Ages Eligible for Study

20 years to 50 years (ADULT)

Accepts Healthy Volunteers

Yes

Genders Eligible for Study

All

Description

Inclusion Criteria:

  1. Healthy male and female aged 20 to 50 with a body mass index(BMI) between 19 and 27 kg/m2
  2. Acceptable medical history, physical examination, laboratory tests and EKG, during screening
  3. Provision of signed written informed consent •20~50 yrs old, healthy Korean Subjects

Exclusion Criteria:

1.History of and clinically significant disease 2.Sitting blood pressure meeting the following criteria at screening: 150 ≤ systolic blood pressure ≤90 (mmHg) and 95 ≤ diastolic blood pressure ≤ 50 (mmHg) amd 100 ≤ Heart rate ≤ 40 3. A history of drug abuse or the presence of positive reactions to drugs that have abuse potential in urine screenings for drugs.

4. Administration of other investigational products within 90 days prior to the first dosing.

5. Administration of herbal medicine within 30 days or administration of ethical drugs within 14 days or administration of over-the-counter (OTC) drugs within 7 days prior to the first dosing of the investigational product (if the investigator (study doctor) determines that the person meets other criteria appropriately, the relevant person may participate in the study).

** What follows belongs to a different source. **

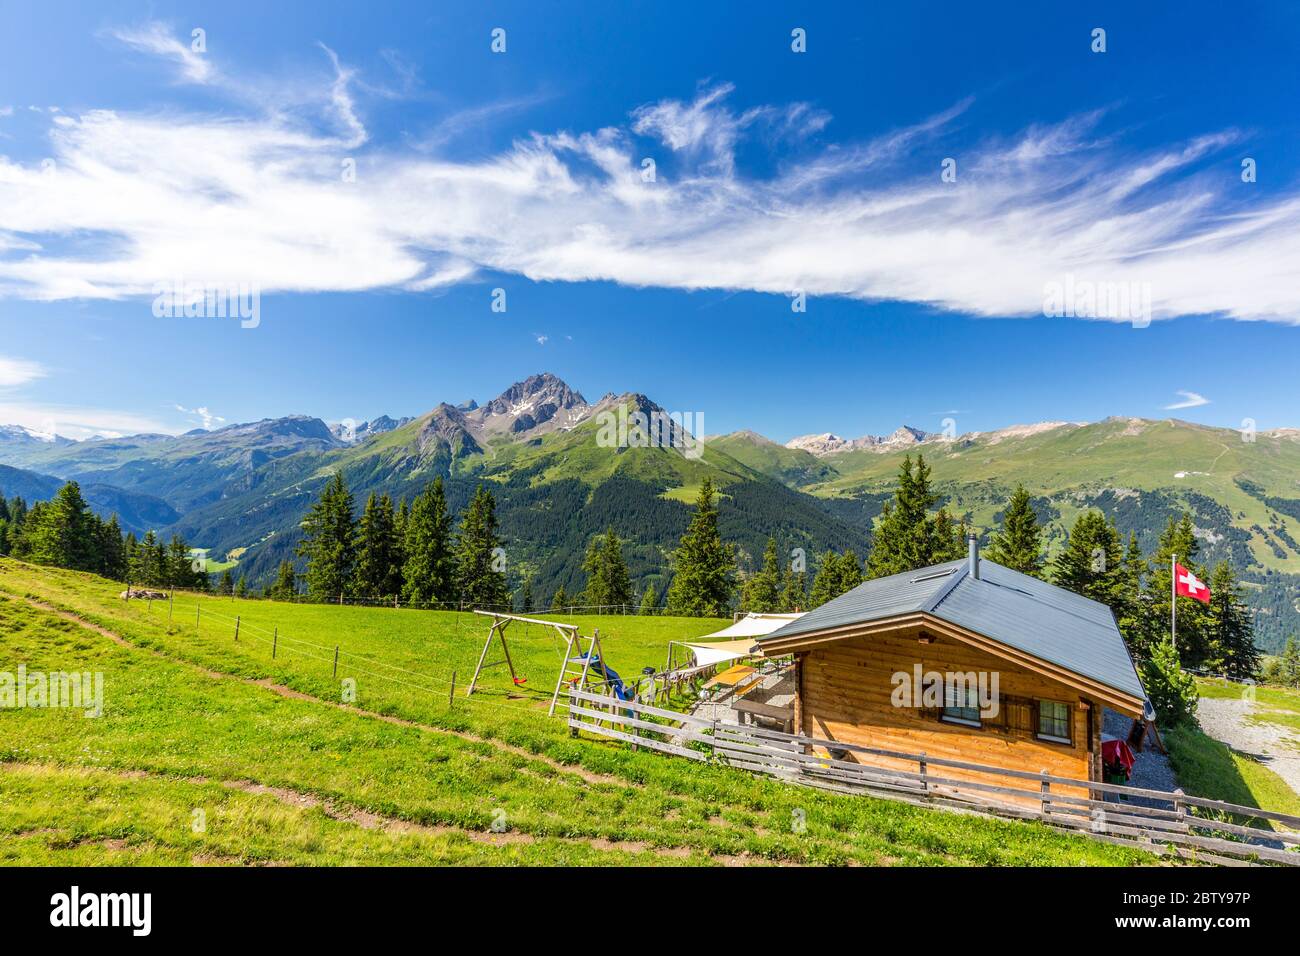 Berghütte mit Schweizer Flagge unter atemberaubenden Wolken, Urses, Surselva, Graubünden, Schweiz, Europa Stockfoto

6.Have AST(SGOT) or/and ALT(SGPT) > 3 times of normal upper limit at the time of screening 7. Volunteers considered not eligible for the clinical trial by the investigator (study doctor) due to reasons including laboratory test results, ECGs, or vital signs.

Study Plan

This section provides details of the study plan, including how the study is designed and what the study is measuring.

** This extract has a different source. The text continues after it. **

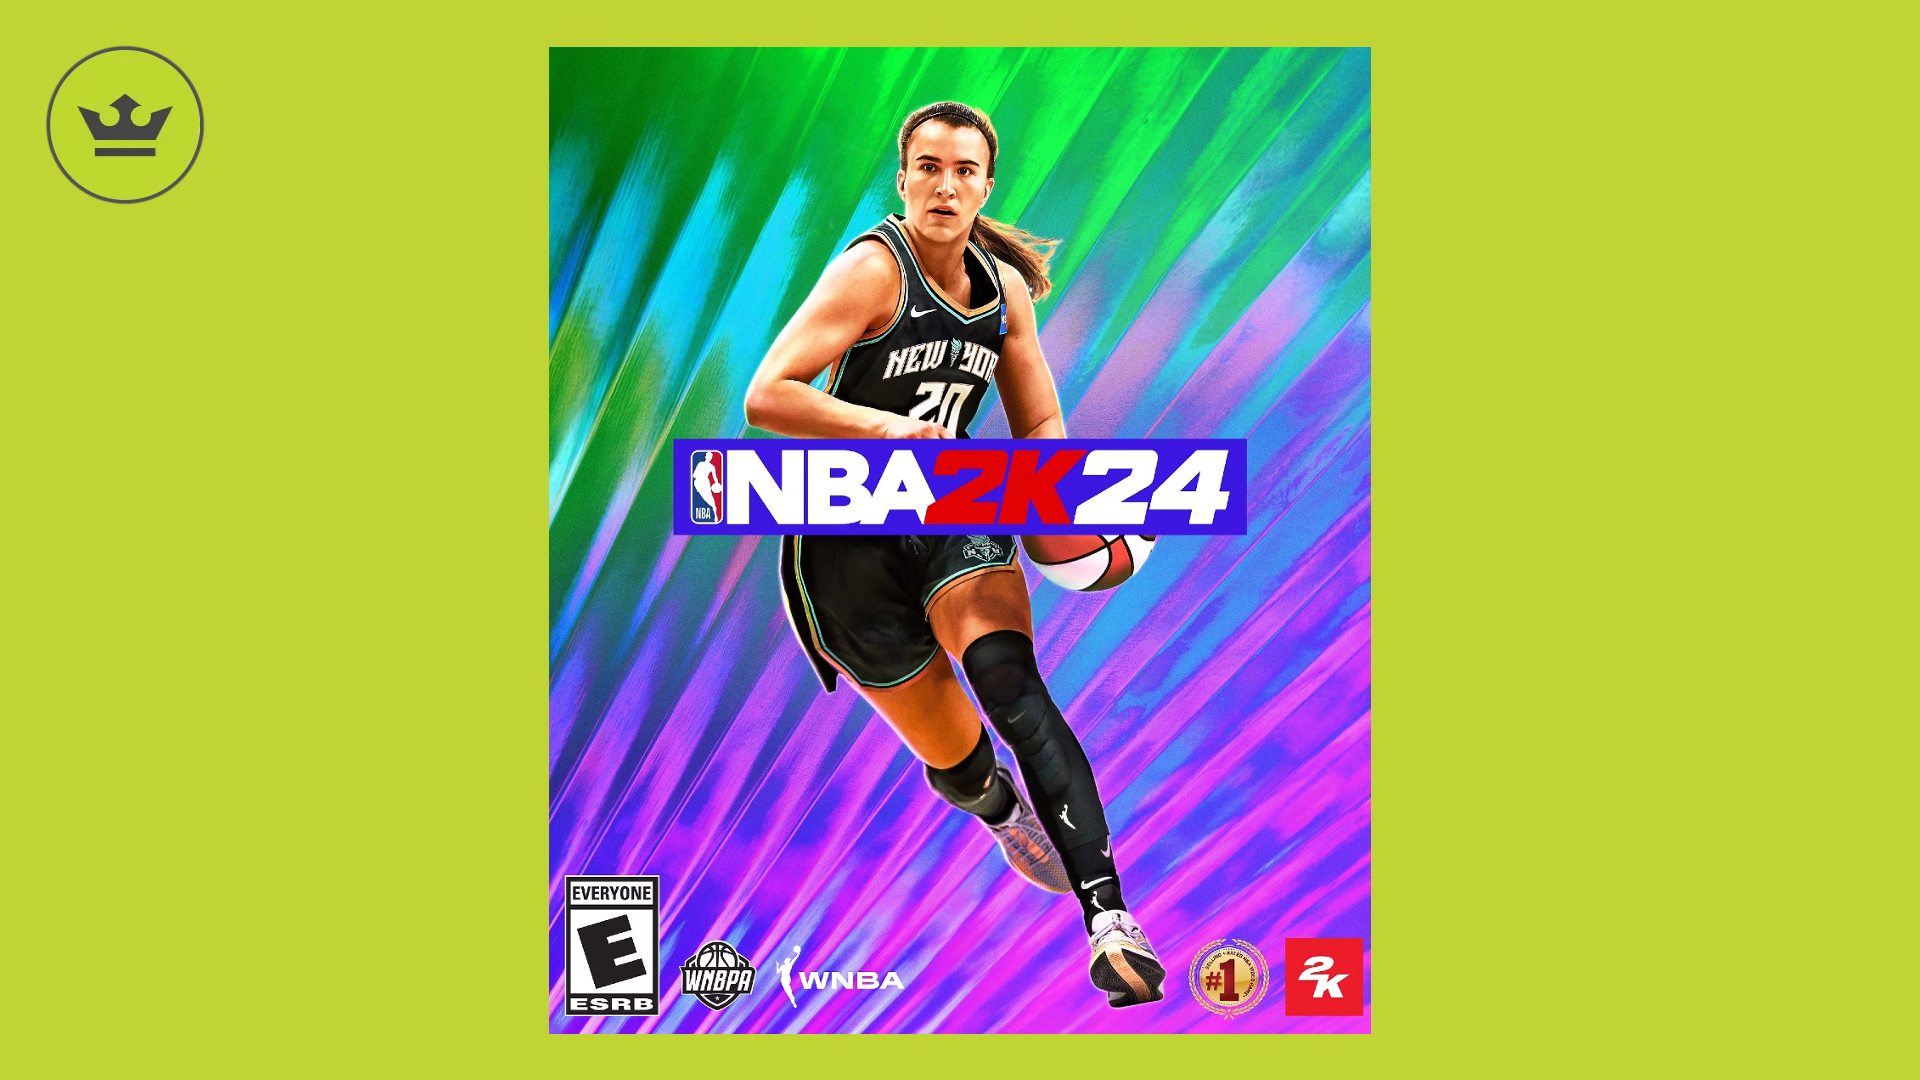 NBA 2K24 Release Date: Sabrina Ionescu can be seen

How is the study designed?

Design Details

  • Allocation: RANDOMIZED
  • Interventional Model: CROSSOVER
  • Masking: NONE

Arms and Interventions

Participant Group / Arm
Intervention / Treatment
Experimental: 1
This arm is consist of 12 subject. Crestor 20mg alone for 6 day during period 1. Crestor 20mg and Micardis 80mg for 6 day during period 2.
Drug: Crestor 20mg(Rosuvastatin 20mg), Micardis 80mg(Telmisartan 80mg)

For co-administration, Crestor 1 tablet and Micardis 1 tablet a day for 6 days in each period.

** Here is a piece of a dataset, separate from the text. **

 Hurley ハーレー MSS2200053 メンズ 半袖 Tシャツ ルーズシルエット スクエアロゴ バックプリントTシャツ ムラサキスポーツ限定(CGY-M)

For separate administration, Crestor 1 tablet a day for 6 days and Micardis 1 tablet a day for 6 days in each period.
Experimental: 2
This arm is consist of 12 subject. Crestor 20mg and Micardis 80mg for 6 day during period 1. Crestor 20mg alone for 6 day during period 2.
Drug: Crestor 20mg(Rosuvastatin 20mg), Micardis 80mg(Telmisartan 80mg)

For co-administration, Crestor 1 tablet and Micardis 1 tablet a day for 6 days in each period.

For separate administration, Crestor 1 tablet a day for 6 days and Micardis 1 tablet a day for 6 days in each period.
Experimental: 3
This arm is consist of 12 subject. Micardis 80mg alone for 6 day during period 1. Crestor 20mg and Micardis 80mg for 6 day during period 2.
Drug: Crestor 20mg(Rosuvastatin 20mg), Micardis 80mg(Telmisartan 80mg)

For co-administration, Crestor 1 tablet and Micardis 1 tablet a day for 6 days in each period.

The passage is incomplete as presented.